- **Dataset section**
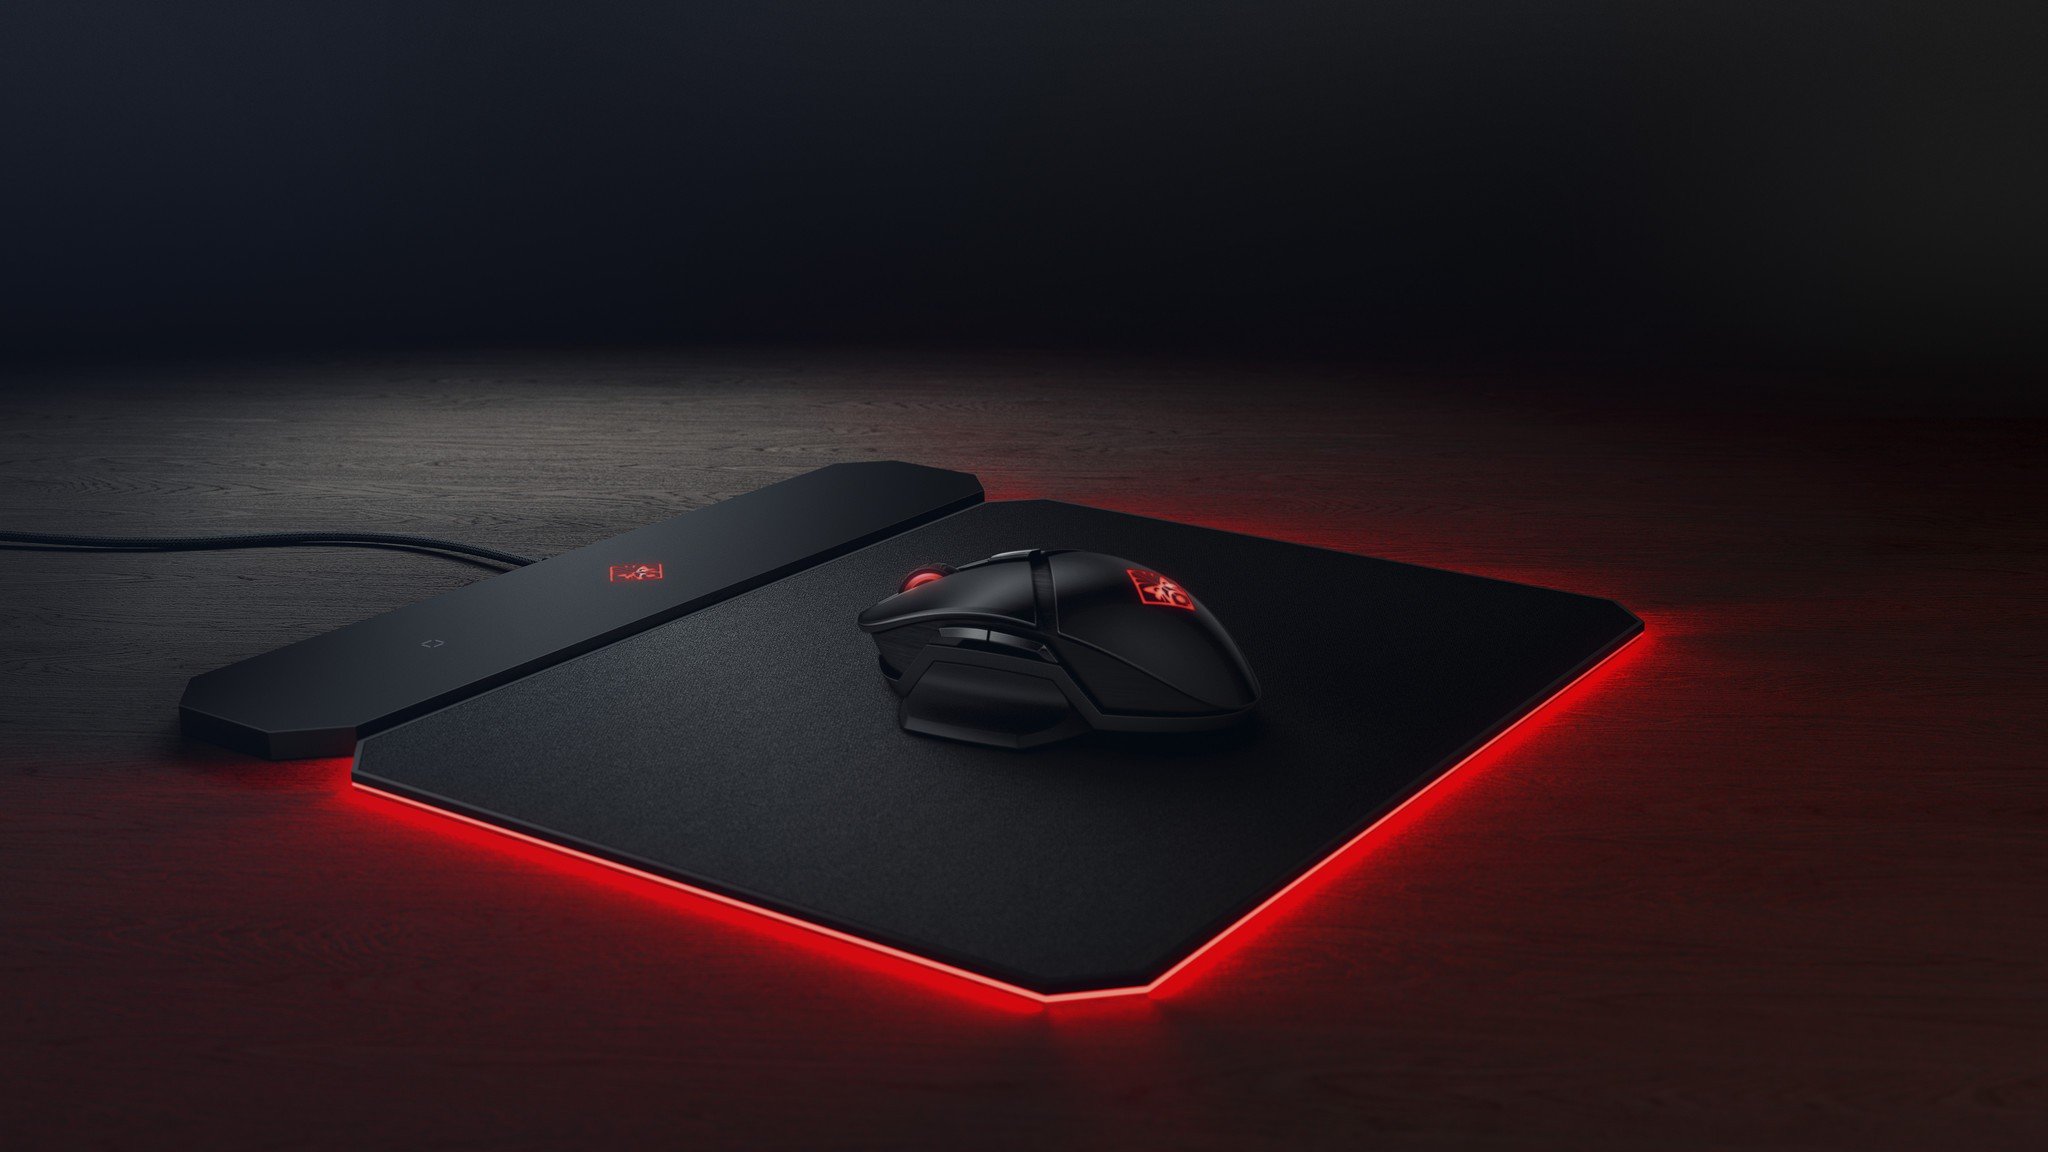 HP's Outpost and Photon pair Qi wireless charging with a gaming mouse
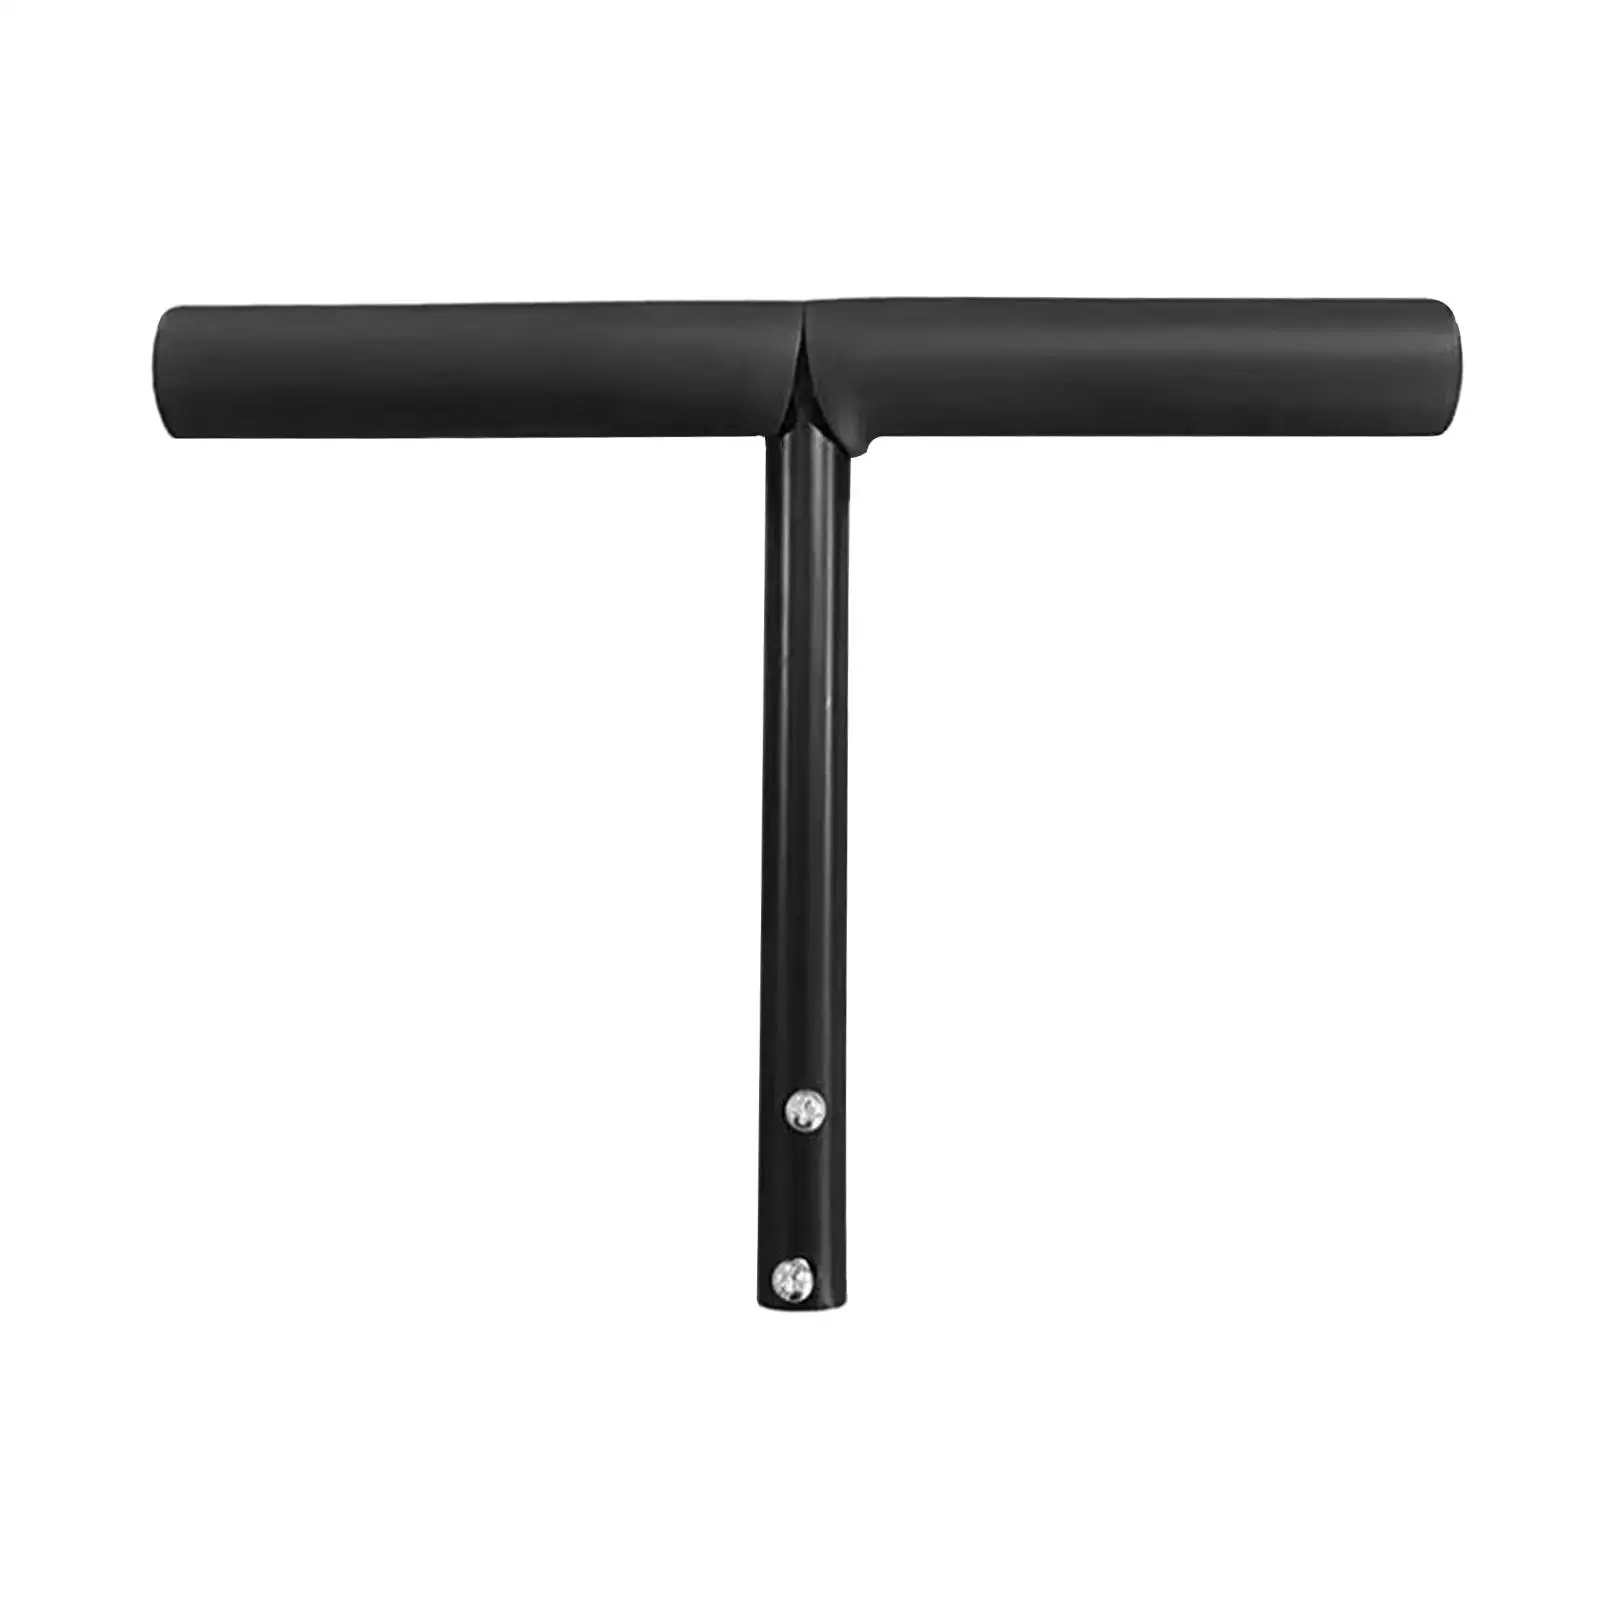 T Shaped Push Handle Bar Sturdy Kids Tricycle Accessories Baby Bike Accessory Replacement Parts for Travel Home Outdoor
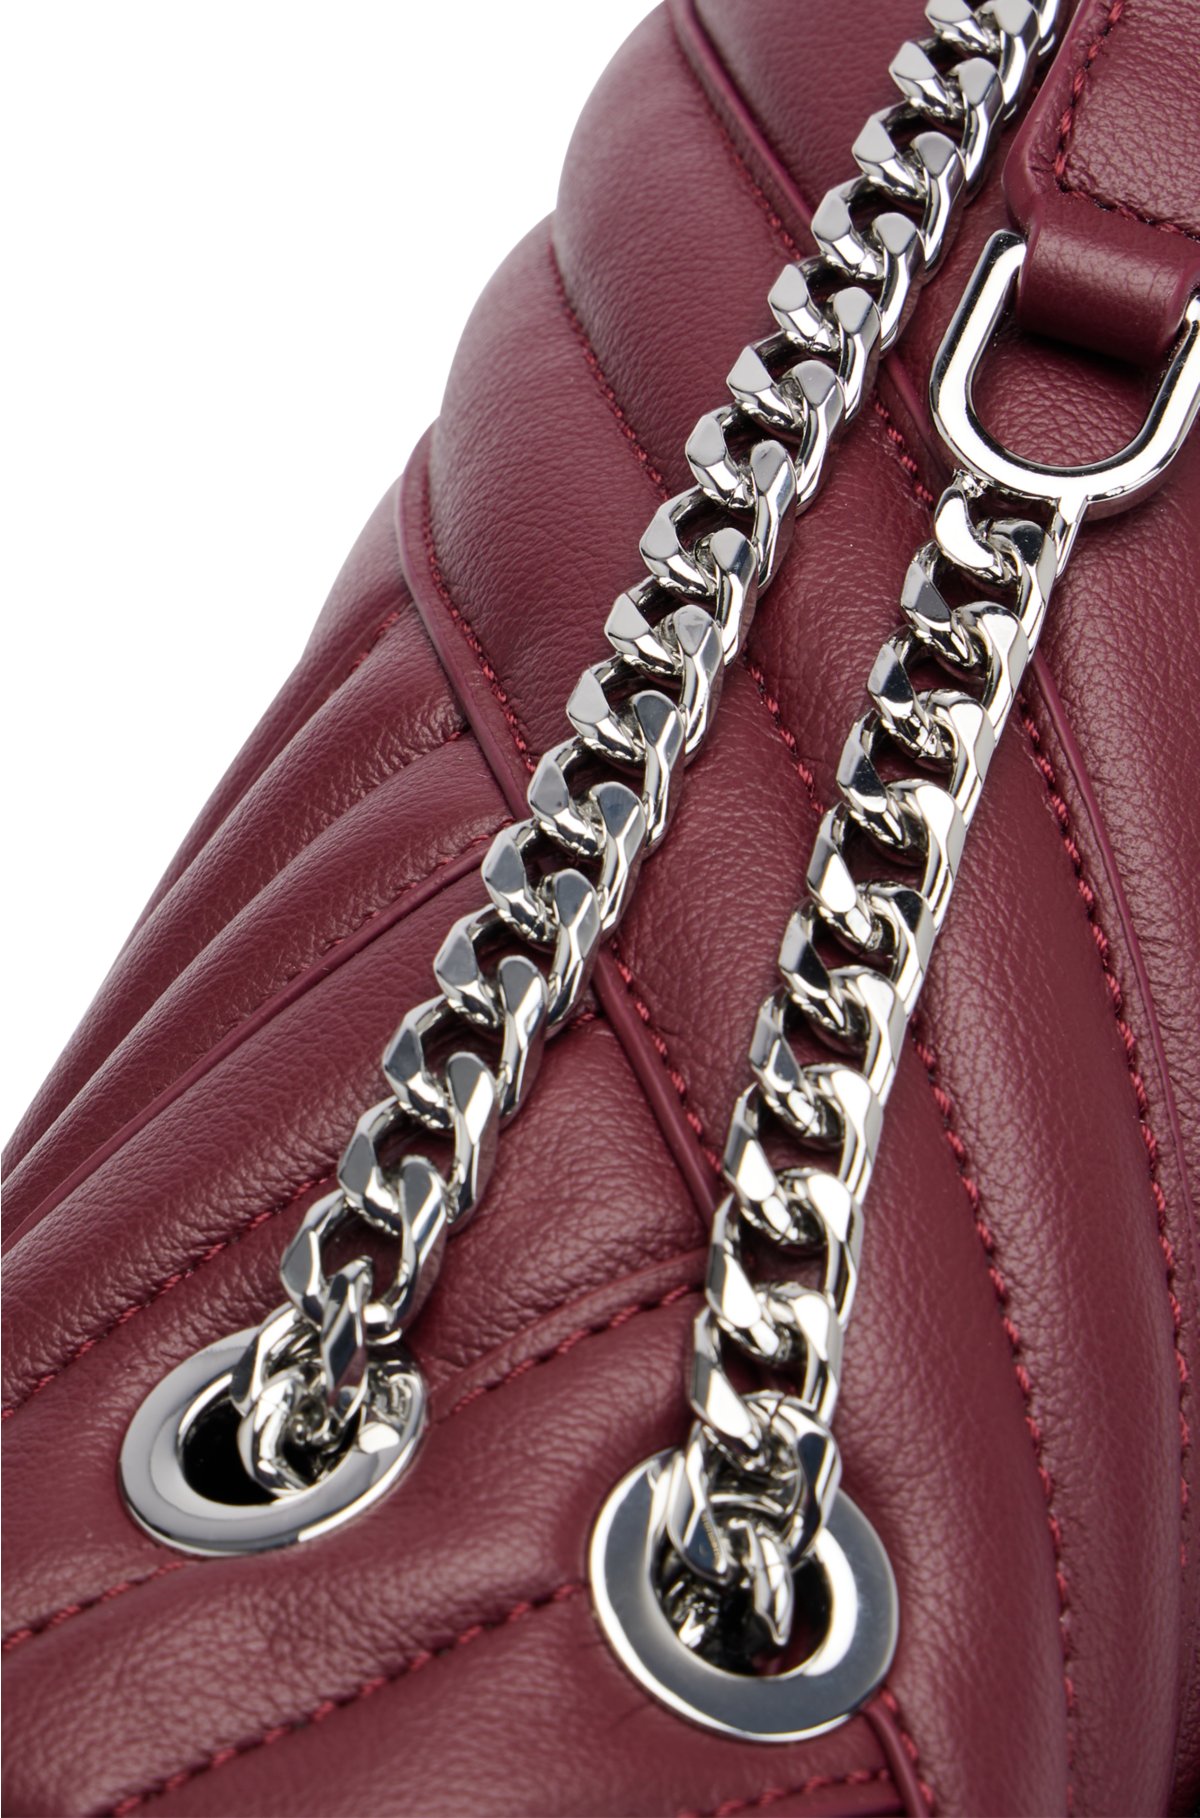 SOLD online - New in! Chanel 2019 burgundy red flap bag with top
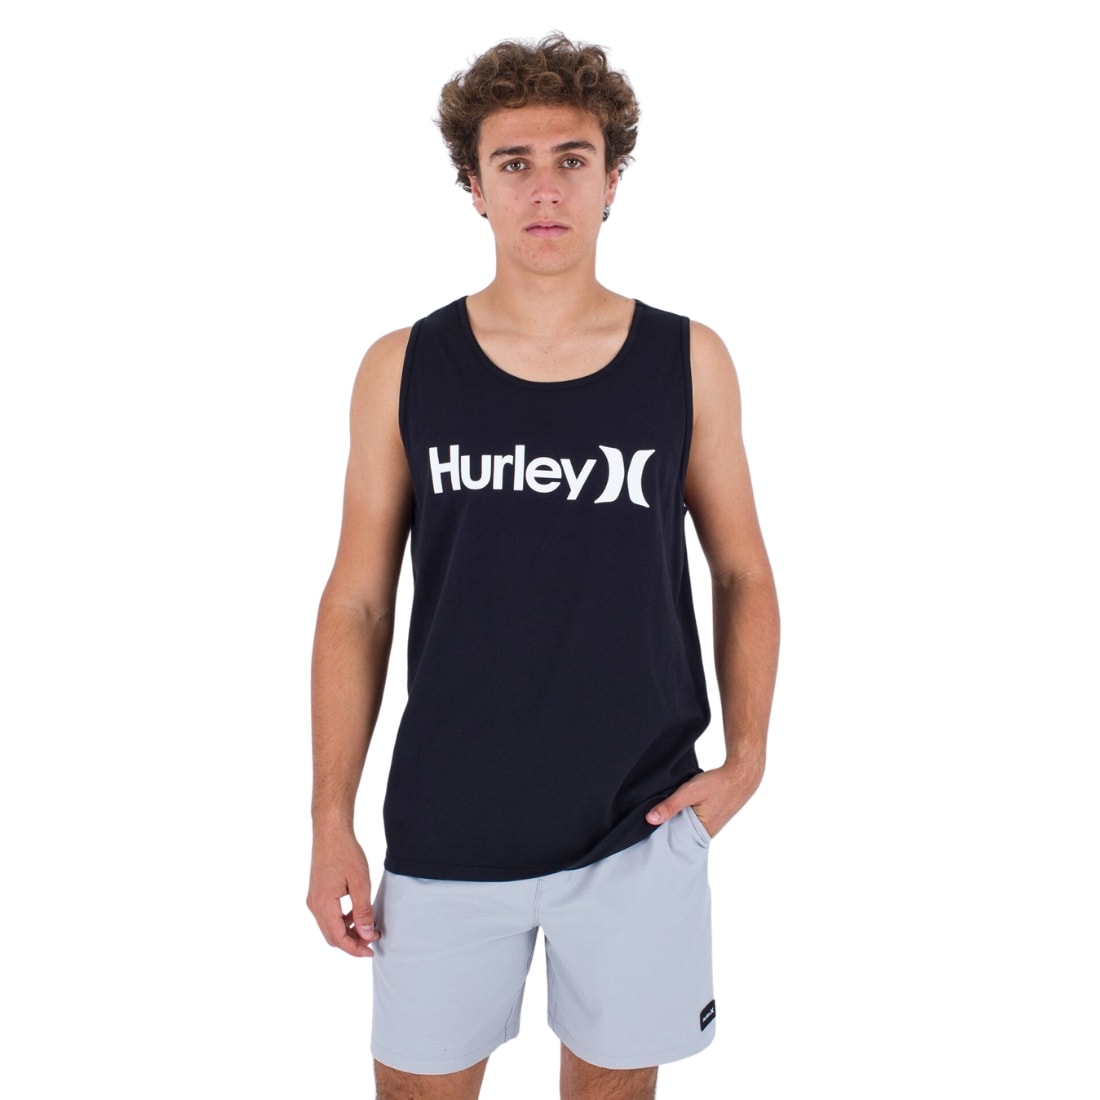 Hurley Everyday One & Only Solid Tank Top Vest - Black - Mens Surf Brand Vest/Tank Top by Hurley

- **Aim of the exercise**
Print the material again word for word. Please drop every picture.

- **Finished exercise**
 HP's Outpost and Photon pair Qi wireless charging with a gaming mouse
 T Shaped Push Handle Bar Sturdy Kids Tricycle Accessories Baby Bike Accessory Replacement Parts for Travel Home Outdoor
 SOLD online - New in! Chanel 2019 burgundy red flap bag with top
 Hurley Everyday One & Only Solid Tank Top Vest - Black - Mens Surf Brand Vest/Tank Top by Hurley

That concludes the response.